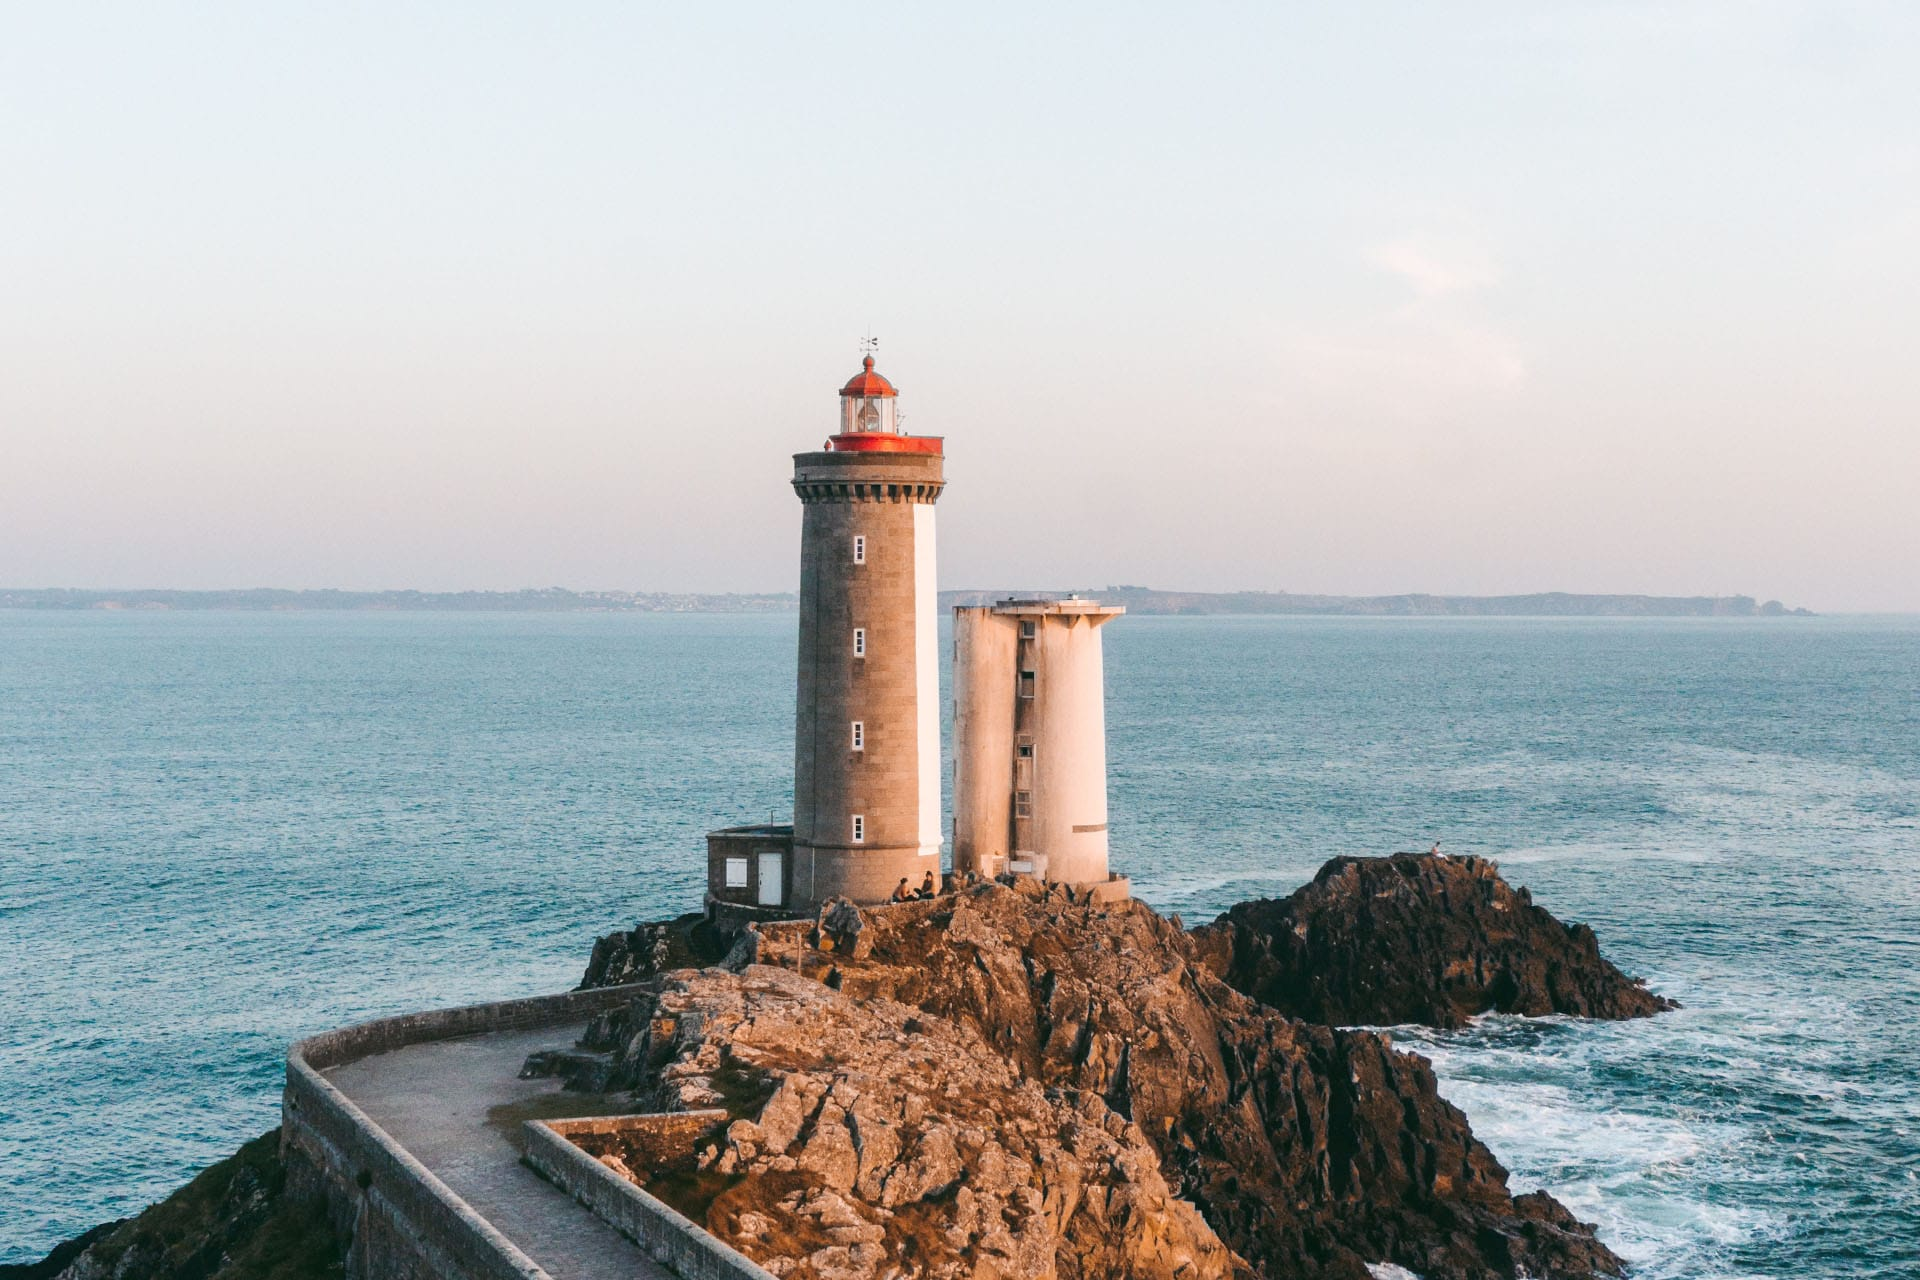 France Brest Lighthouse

...

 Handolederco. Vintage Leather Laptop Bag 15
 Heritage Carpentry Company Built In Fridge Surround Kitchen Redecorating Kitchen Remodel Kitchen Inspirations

- [TASK ITEM]
From the entries above, give again exactly the lines running from the line with "Handolederco. Vintage Leather Laptop Bag 15" to the line with "Heritage Carpentry Company"; include both of those lines.

- [SOLUTION BELOW]
 Handolederco. Vintage Leather Laptop Bag 15
 Heritage Carpentry Company Built In Fridge Surround Kitchen Redecorating Kitchen Remodel Kitchen Inspirations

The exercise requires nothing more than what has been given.